Tracking Information

• First Submitted Date: December 8, 2008
• First Posted Date: December 10, 2008
• Results First Submitted Date: December 18, 2008
• Results First Posted Date: July 8, 2009
• Last Update Posted Date: August 31, 2012
• Study Start Date: July 2007
• Actual Primary Completion Date: August 2007 (Final data collection date for primary outcome measure)

Current Primary Outcome Measures (submitted: July 7, 2009)

• Maximum Observed Plasma Concentration (Cmax) [ Time Frame: After dosing at time points 0, 0.5, 1, 1.5, 2, 2.5, 3, 3.5, 4, 5, 6, 7, 8, 10, 12, 16, 24, 36, and 48 hours ]
  The highest concentration of drug in plasma after a dose. Measured to evaluate the bioequivalence of the two dosing methods
• Area Under the Concentration Time Curve From Zero to t. (AUC 0-t) [ Time Frame: After dosing at time points 0, 0.5, 1, 1.5, 2, 2.5, 3, 3.5, 4, 5, 6, 7, 8, 10, 12, 16, 24, 36, and 48 hours ]
  The area under the plasma concentration versus time curve from zero to the last measurable plasma concentration as calculated by the linear trapezoidal method. Calculated to determine whether the 2 methods of administration are bioequivalent.
• The Area Under the Plasma Concentration Versus Time Curve From Time Zero to Infinity. (AUC Inf) [ Time Frame: After dosing at time points 0, 0.5, 1, 1.5, 2, 2.5, 3, 3.5, 4, 5, 6, 7, 8, 10, 12, 16, 24, 36, and 48 hours ]
  AUC inf is calculated as the sum of the AUC 0-t plus the ratio of the last measurable plasma concentration to the elimination rate constant.It is calculated to evaluate the bioequivalence of the two dosing methods

• Original Primary Outcome Measures (submitted: December 9, 2008): Pharmacokinetic parameters for plasma quinine including Cmax, Tmax, Kel , T 1/2, AUC 0-t, AUCinf, AUC/AUCinf will be calculated to determine whether the 2 methods of administration are bioequivalent. [ Time Frame: 2 days ]
• Current Secondary Outcome Measures: Not Provided
• Original Secondary Outcome Measures (submitted: December 9, 2008): Adverse events including EKG changes from baseline, that occur after dosing will be recorded and reported to CRF with severity and judgement of likely causality by the investigator. [ Time Frame: 2 days ]
• Current Other Pre-specified Outcome Measures: Not Provided
• Original Other Pre-specified Outcome Measures: Not Provided

Descriptive Information

• Brief Title: Comparison Bioavailability Study of Quinine Sulfate in Chocolate Pudding
• Official Title: A Comparison of the Bioavailability of Quinine Sulfate Capsules Following a 648 mg Dose When Mixed in Chocolate Pudding Relative to That With Intact Capsules in Healthy Adults Under Fasting Conditions
• Brief Summary: This is an open label randomized single dose two-way crossover study to compare the bioavailability of a single oral dose of quinine sulfate 648 mg(2 x 324 mg) when mixed with 120 ml of chocolate pudding relative to the same dose given as two intact capsules.
• Detailed Description: Prior studies have shown that intact quinine sulfate capsules can be taken without regard for food.
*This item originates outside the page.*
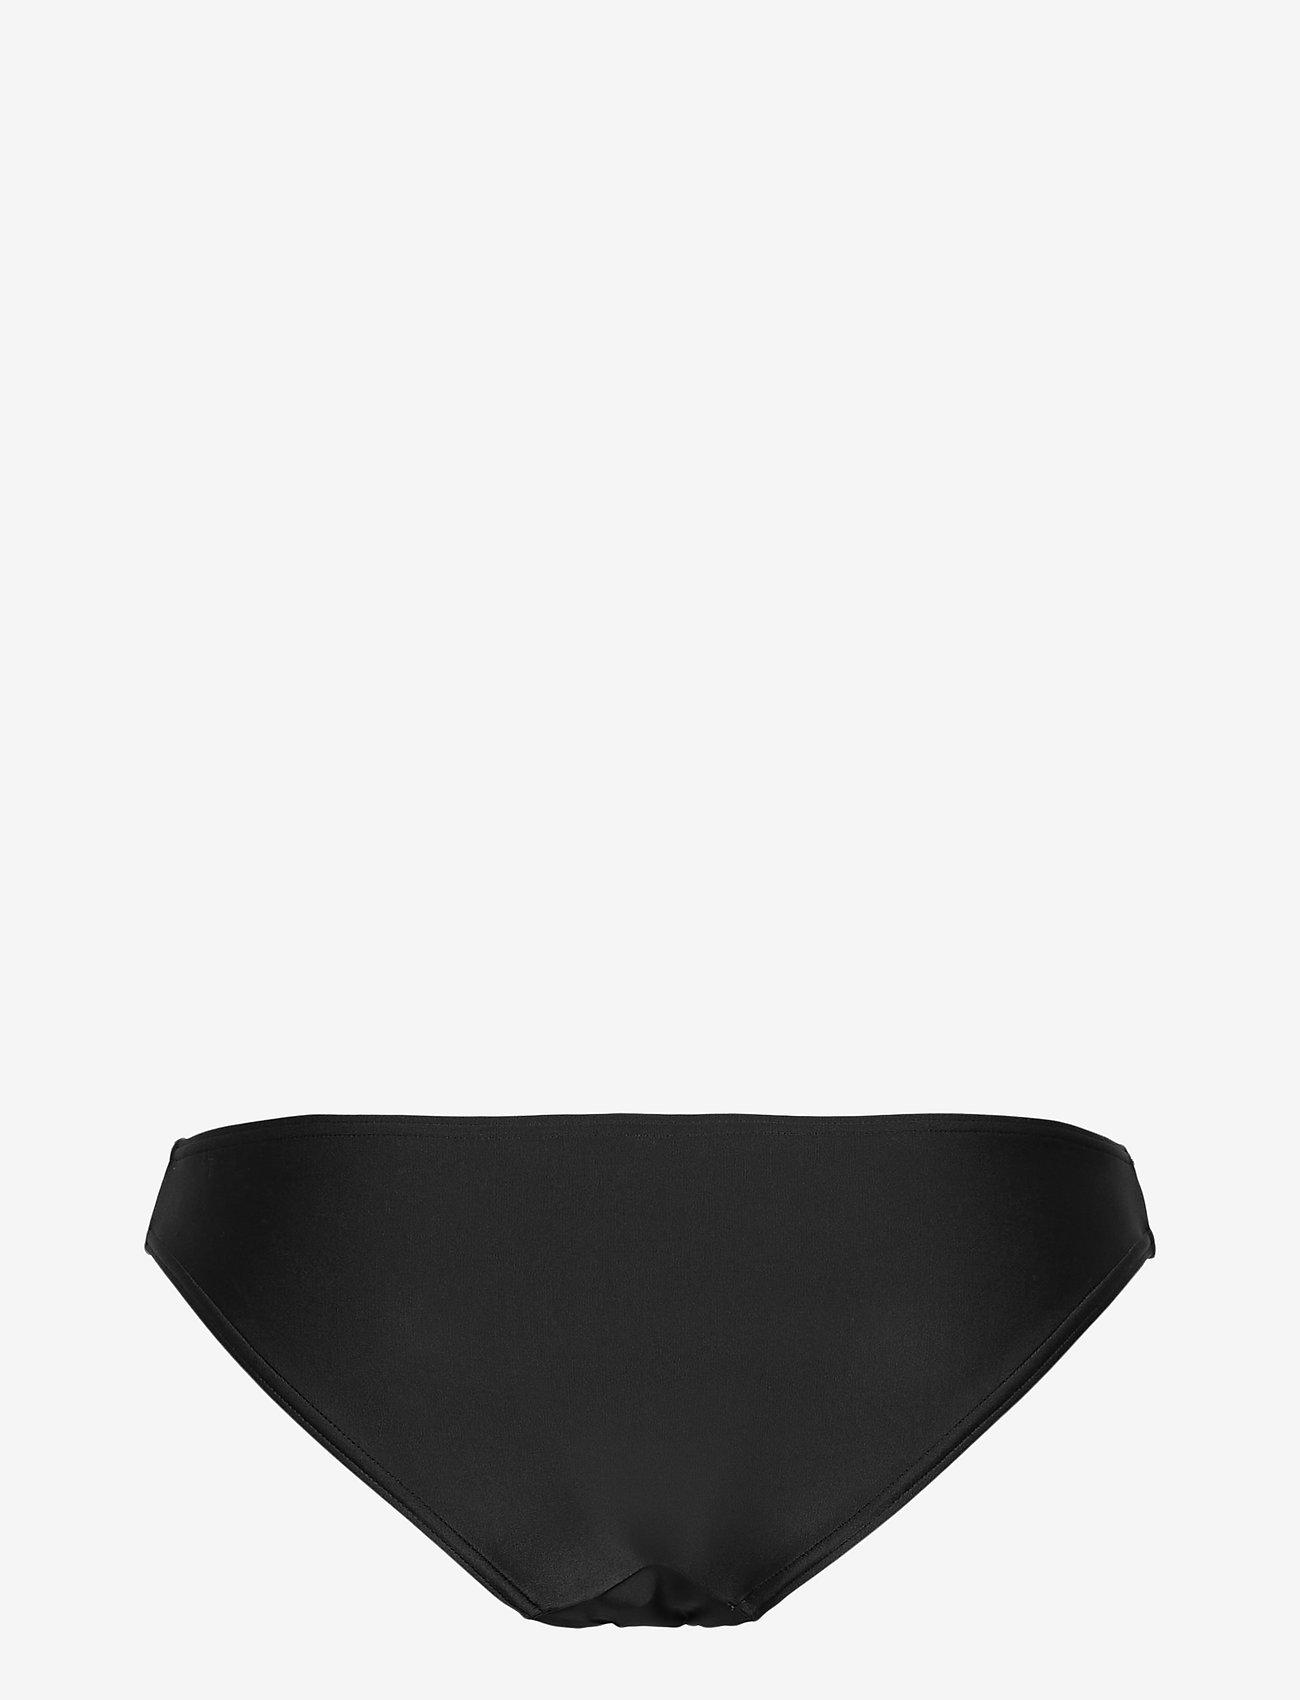 Salming - Bayview, Brief - majtki bikini - black - 1

This is an open label randomized single dose two-way crossover study to compare the bioavailability of a single oral dose of quinine sulfate 648mg(2 x 324 mg capsules) when opened and mixed with 120 ml of chocolate pudding relative to the same dose given as two intact capsules. Eighteen healthy adult subjects will be enrolled. Following a fast of at least 10 hours subjects will be randomized to receive either 648 mg of quinine sulfate as the intact capsules or opened mixed in 120ml of chocolate pudding. Following a washout period of at least 7 days all subjects will be given the alternate dose under similar conditions. Following each dose, blood samples will be collected at times sufficient to determine the difference in bioavailability (if any) between the two methods of drug administration. In addition patients will be monitored for any adverse events including Electrocardiogram (EKG) changes (at baseline and 4 hours after each dose).
• Study Type: Interventional
• Study Phase: Phase 1
• Study Design: Allocation: Randomized; Intervention Model: Crossover Assignment; Masking: None (Open Label); Primary Purpose: Basic Science
• Condition: Healthy

Intervention

Drug: quinine sulfate

2 x 324 mg capsules (648 mg)

Other Name: Qualaquin

Study Arms

• Experimental: 1
  Single dose intact capsules 2 x 324 mg
  Intervention: Drug: quinine sulfate
• Experimental: 2
  Single dose contents of two capsules (2 x 324 mg) opened and mixed in 120 mL of chocolate pudding
  Intervention: Drug: quinine sulfate

• Publications *: Not Provided

Recruitment Information

• Recruitment Status: Completed
• Actual Enrollment (submitted: December 9, 2008): 18
• Original Actual Enrollment: Same as current
• Actual Study Completion Date: August 2007
• Actual Primary Completion Date: August 2007 (Final data collection date for primary outcome measure)

Eligibility Criteria

Inclusion Criteria:

• Healthy nonsmoking adults with hemoglobin at least 12 g/dl. Males at least 52 kg, females at least 45kg with body mass index in the normal range, females must be chemically or surgically sterile or postmenopausal (amenorrhea at least 2years)

Exclusion Criteria:

• Pregnant or lactating
• Test positive at screening for human immunodeficiency virus (HIV), hepatitis B surface antigen (HbsAg), or hepatitis C virus (HCV) Recent (1-year) history or evidence of alcoholism or drug abuse History or presence of significant cardiovascular, pulmonary, hepatic, renal, hematological, gastrointestinal, endocrine, immunologic, dermatologic, neurological, or psychiatric disease, myasthenia gravis, optic neuritis or Glucose-6-phosphate dehydrogenase (G6PD) deficiency
• Prolonged corrected QT interval(QTc) on Electrocardiogram(EKG) at screening -males >430 msec, females >450 msec.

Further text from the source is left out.